Insécurité au centre : les terroristes et leurs nouvelles stratégies !

A quand la fin des massacres dans les régions du centre ? C’est la triste question que l’on ne cesse de se poser. Parti de la région de Mopti, près de la frontière avec le Burkina Faso vers 2015, le violent conflit qui s’est installé dans cette région il y a cinq ans, s’est propagé peu à peu vers les autres zones du centre du pays. Alors que les populations s’attendaient à des solutions rapides et concrètes de la part des nouvelles autorités, la crise continue de faire son petit chemin de bonhomme.

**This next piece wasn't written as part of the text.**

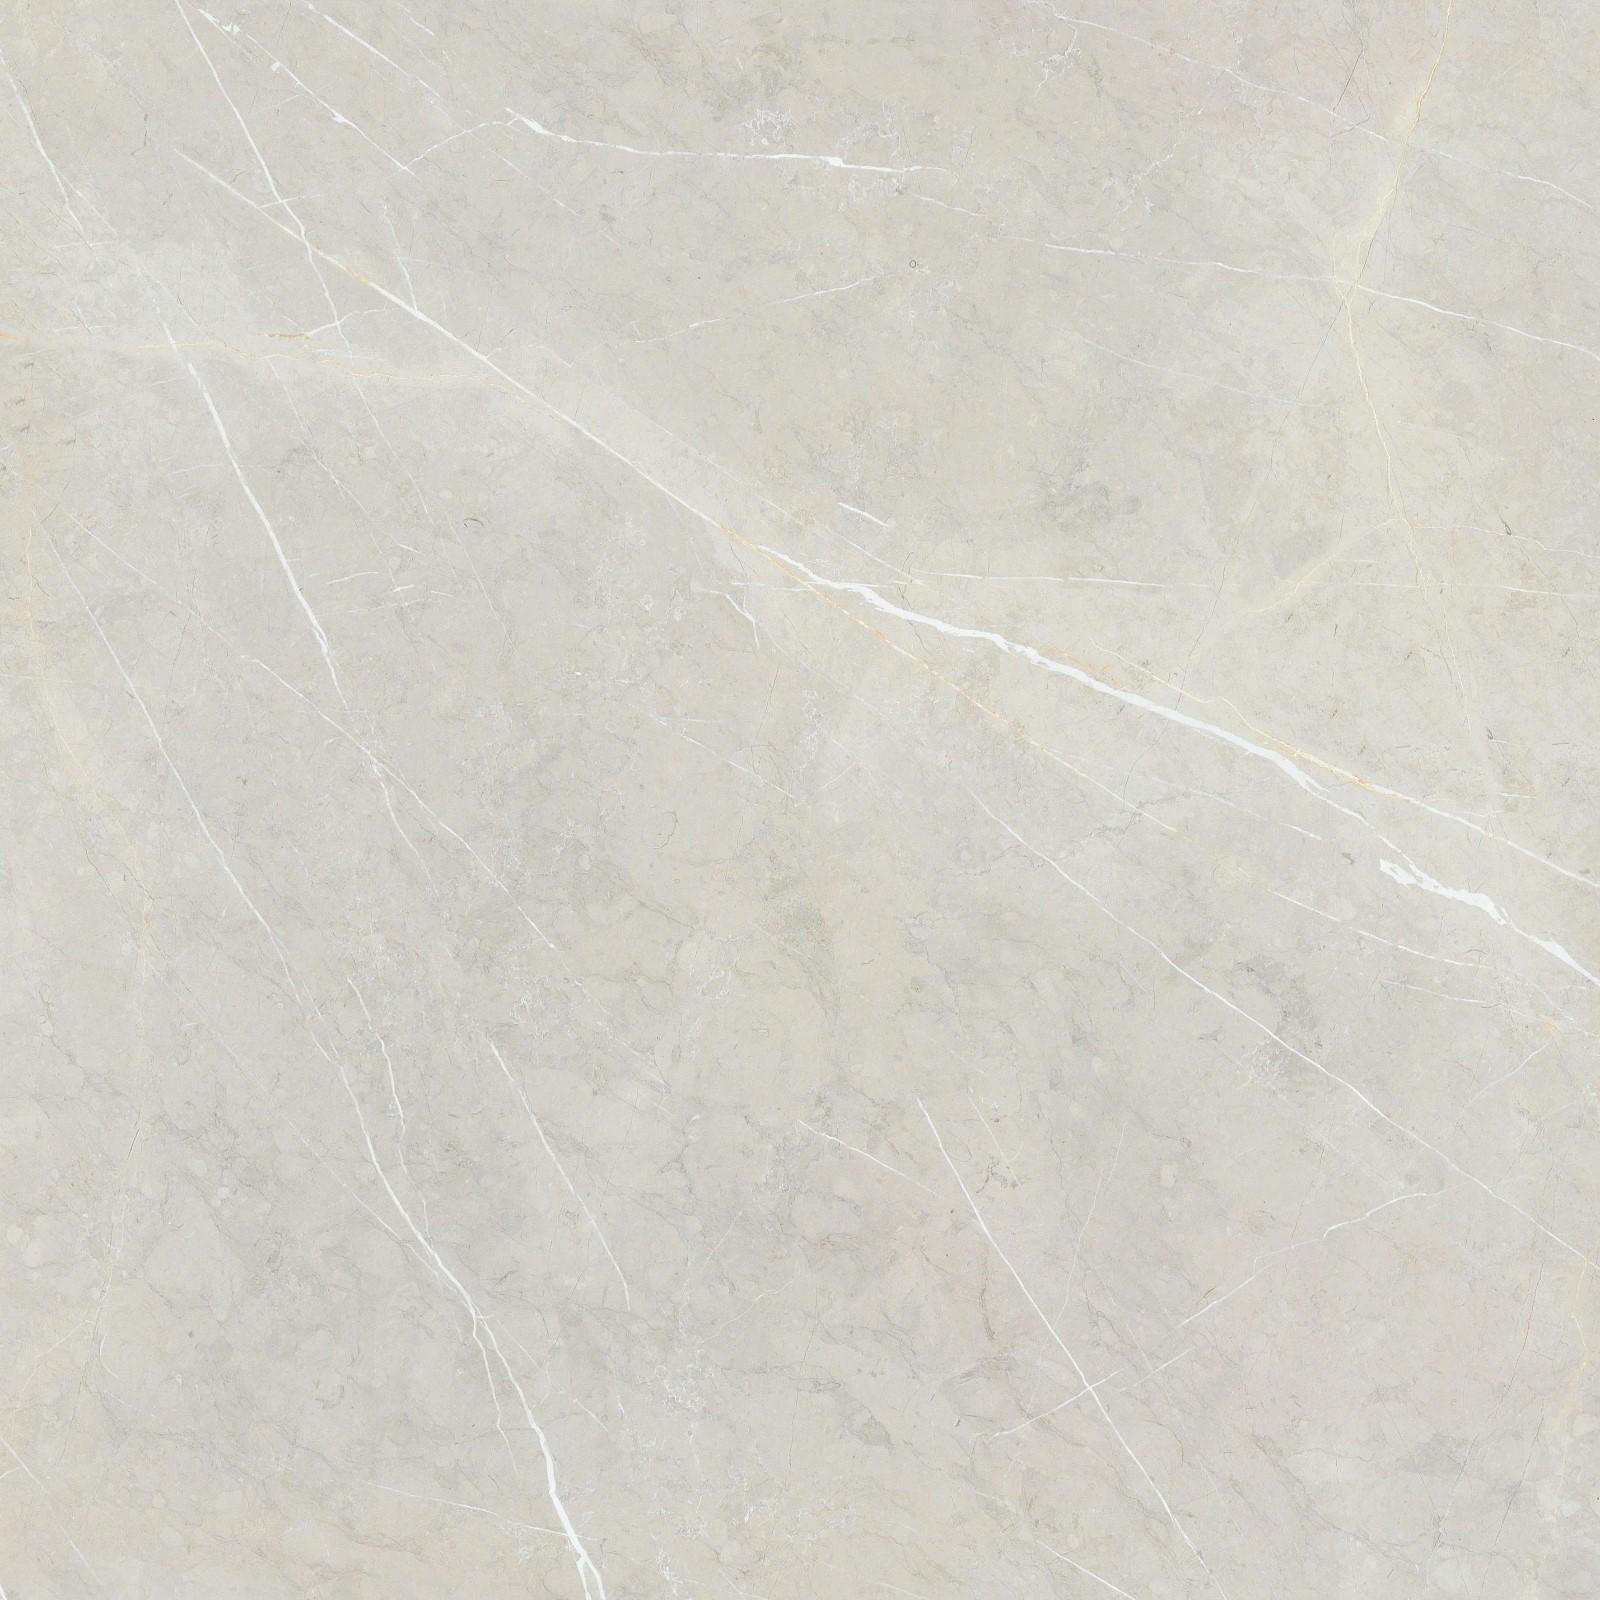 Overland ceramics decorative white marble floor tiles price for Villa-1

Ogossagou 1, Ogossagou 2 ou encore Soban-Dah, les assaillants sont passés par là, causant de nombreuses victimes civiles. Aussi, plusieurs autres villages ont été complètement décimés par des hommes armés présumés terroristes. Aujourd’hui encore, la violence reste vive dans la partie centrale du pays même si elle reste très peu médiatisée.

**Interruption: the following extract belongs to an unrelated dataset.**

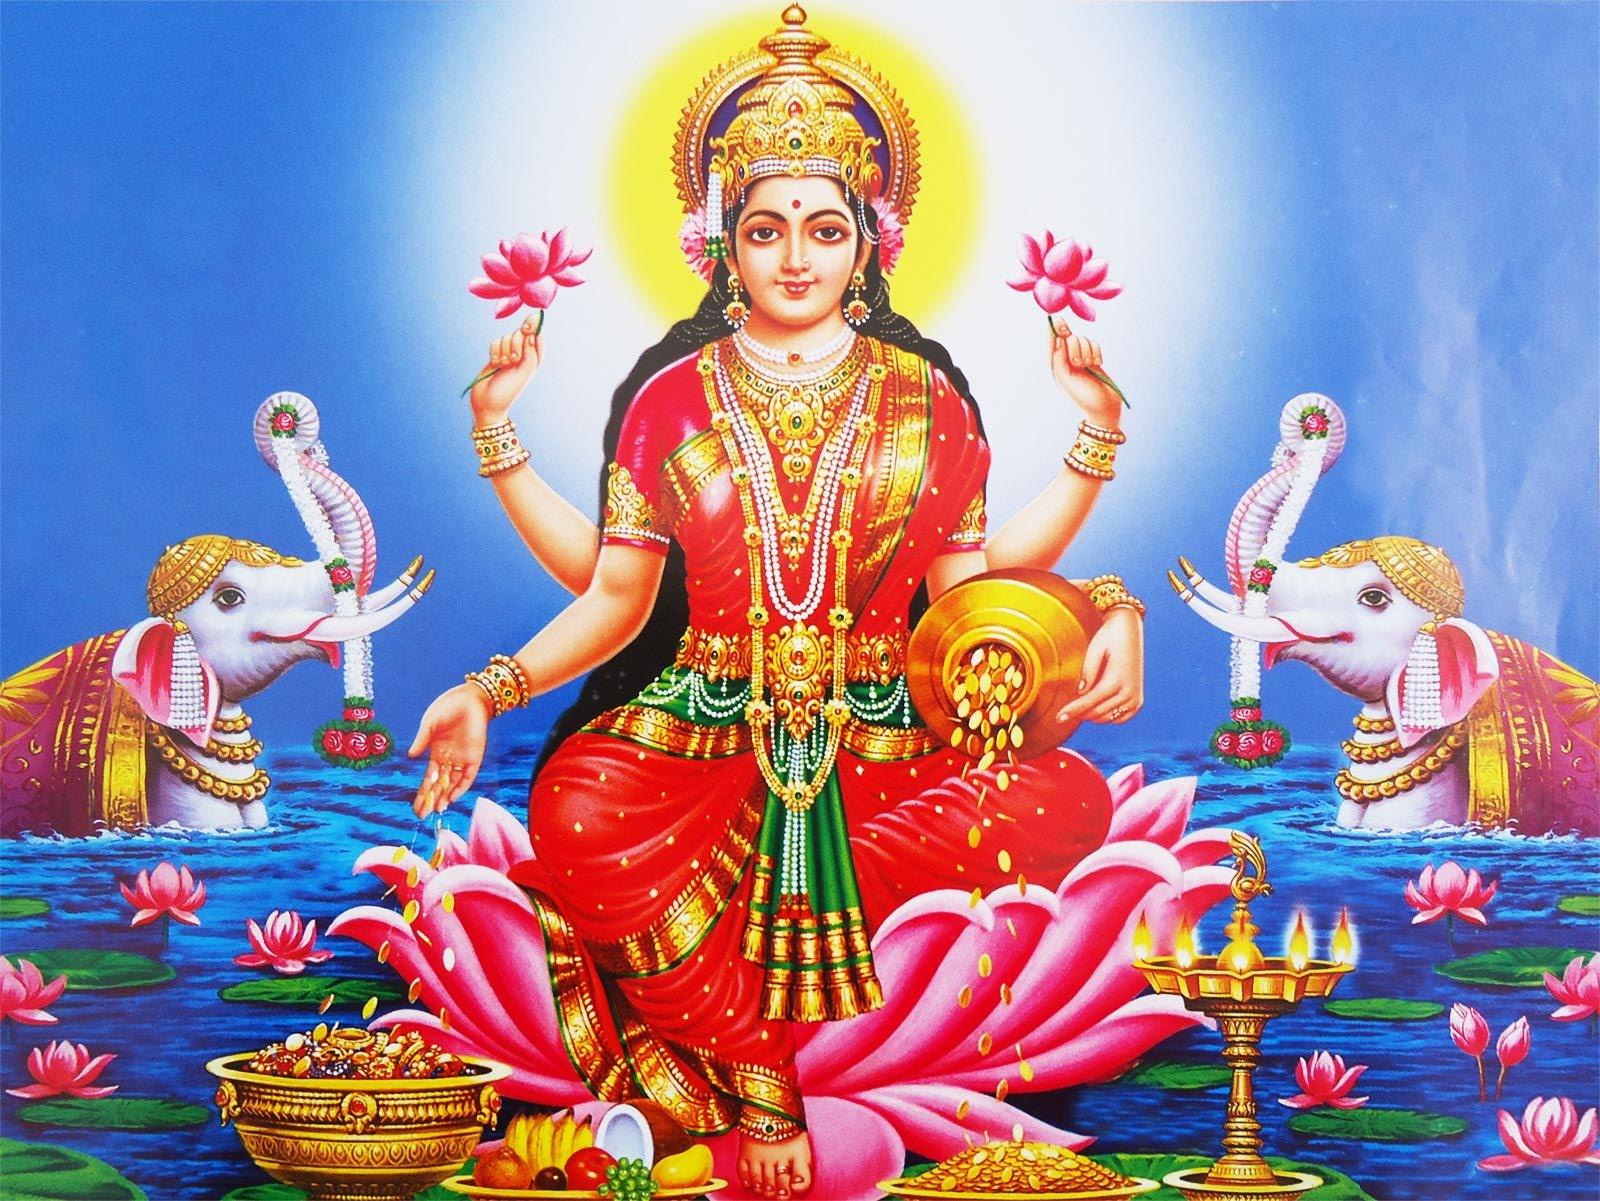 श्री महालक्ष्मी गायत्री मंत्र  Sri MahaLakshmi Gayatri Mantra Spiritual Wealth and Luxuries

L’occupation du village de Farabougou le mois dernier par des terroristes durant des semaines  est l’illustration parfaite que le conflit du centre sous toutes ses formes est loin d’être enterré. Pas plus tard que le mardi 03 novembre 2020, un bus transportant des riverains a été attaqué au niveau du Pont de Parou situé entre Bandiagara et Bankass. Une attaque qui a fait neuf morts et sept blessés graves. Il faut aussi rappeler que depuis la levée du Check-point des chasseurs traditionnels dogons par l’ancien premier ministre,  Boubou Cissé, plus d’une dizaine d’attaques ont été produites autour de ce Pont provoquant au moins 115 morts. Le Pont quant à lui, constamment attaqué par les terroristes qui veulent couper la zone avec le reste du Mali, n’a jamais pu être réparé.

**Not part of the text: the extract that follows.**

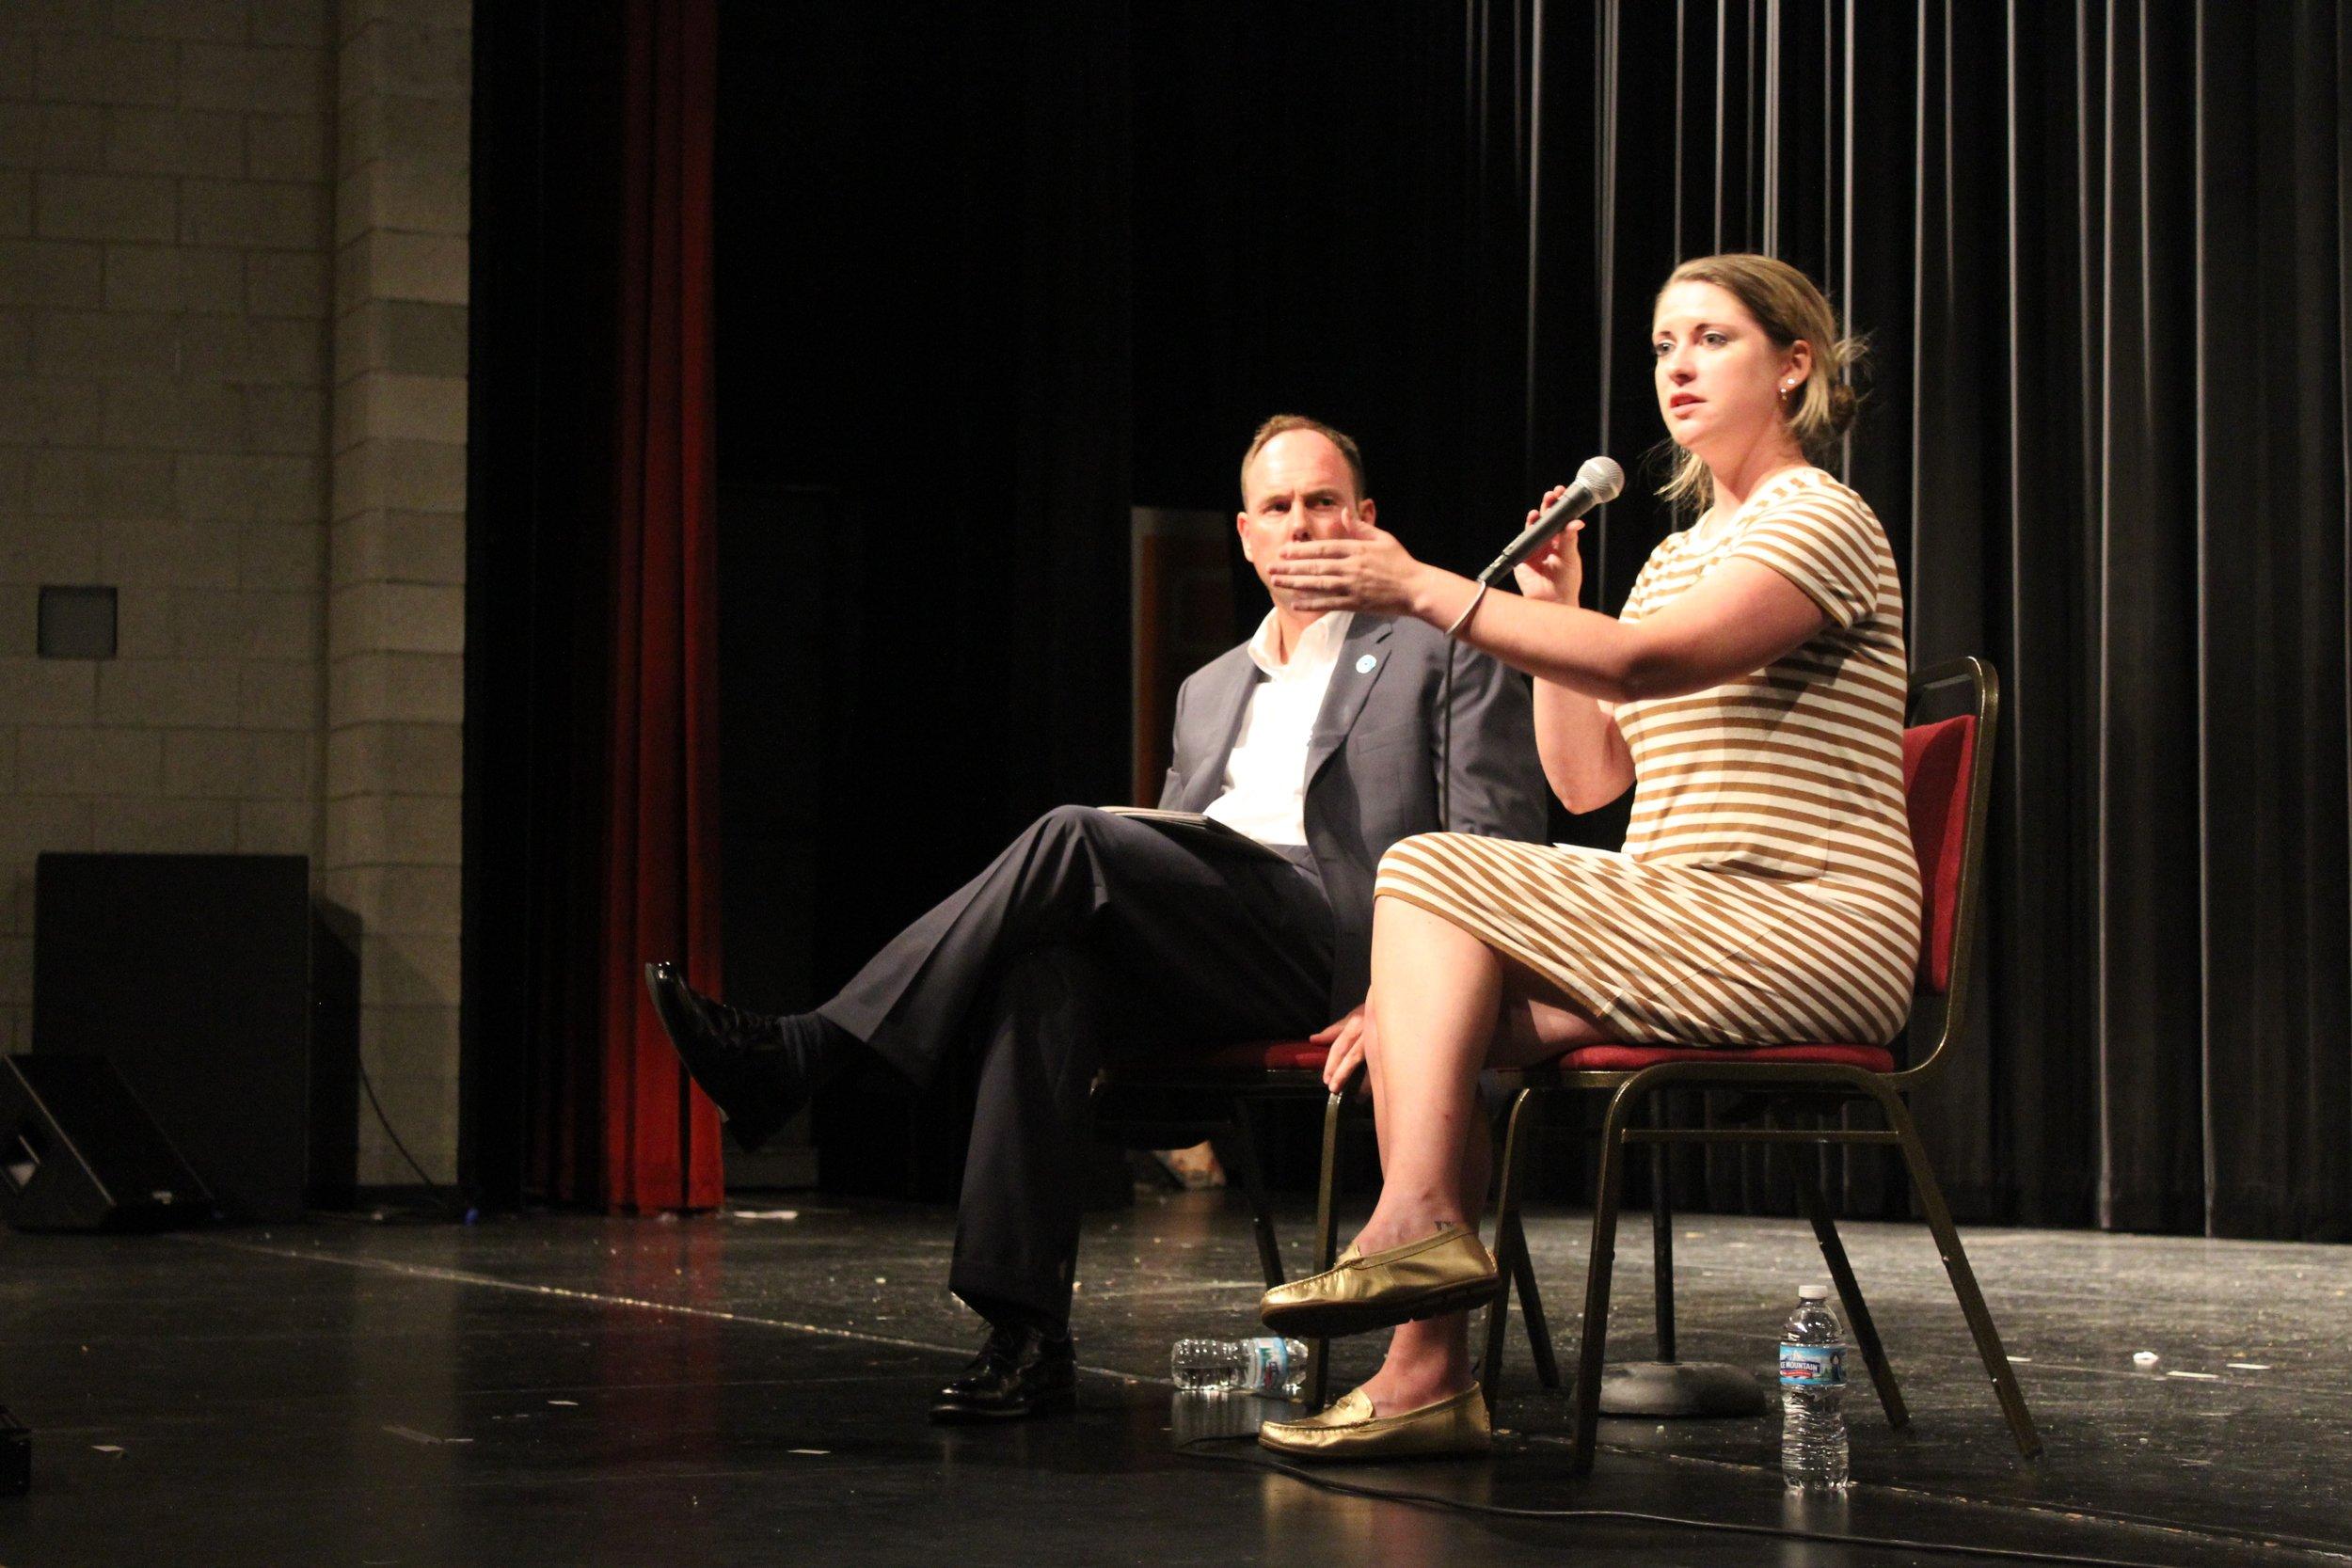 Annie Speaks alongside Alderman O'Shea at the screening in Beverly

Une cohabitation forcée entre terroristes et populations

S’il y a une stratégie pour ces groupes armés terroristes visant à s’installer dans plusieurs zones de la région de Mopti, c’est bien cette cohabitation forcée avec les populations. Par cette politique, les terroristes travaillent à se substituer à l’Etat partout où les services publics sont absents. « Par la force des choses, les groupes armés terroristes et les populations  cohabitent dans plusieurs zones au centre du pays »,témoigne un habitant de la région sous anonymat. Il y a trois mois maintenant, un cessez-le-feu a été miraculeusement instauré dans les cercles de Koro, Bankass, Bandiagara et Douentza. Un pacte de non agression entre non seulement les différentes communautés qui se regardaient en chien de faïence, mais surtout entre des mouvements armés. Les conditions de ce pacte verbal sont très claires. D’une part, les populations peuvent reprendre leurs activités sans être agressées à condition qu’elles abandonnent toute collaboration avec les chasseurs et même avec l’armée dans la traque des terroristes. D’autre part, les terroristes restent armés à travers leurs différentes bases et peuvent venir se ravitailler en vivre dans les villages en cas de besoin. Car selon la nouvelle donne des terroristes, leur cible n’est plus que les forces armées et de sécurité qui ont pour alliés les forces étrangères.

Diviser pour mieux régner !

Ce qu’il faut comprendre, c’est que les groupes terroristes mis à mal par la résistance féroce des chasseurs traditionnels dogons et des forces armées et de sécurité du Mali, pour ce qui concerne dans la région de Mopti, veulent trouver de nouvelles stratégies pour pouvoir se cacher derrière les populations civiles. Il s’agit de chérir les communautés locales tout en remontant les habitants contre toutes autres forces de défense présentes dans lesdites zones. Certes, ces populations savent que c’est un pacte avec le diable, mais c’est un arrangement qui les met à l’abri de la psychose et des attaques instantanées et perpétuelles. Ce qui sûr, c’est que cette situation complique davantage la tâche aux autorités dans la lutte contre les groupes armés terroristes au centre et dans le reste du pays.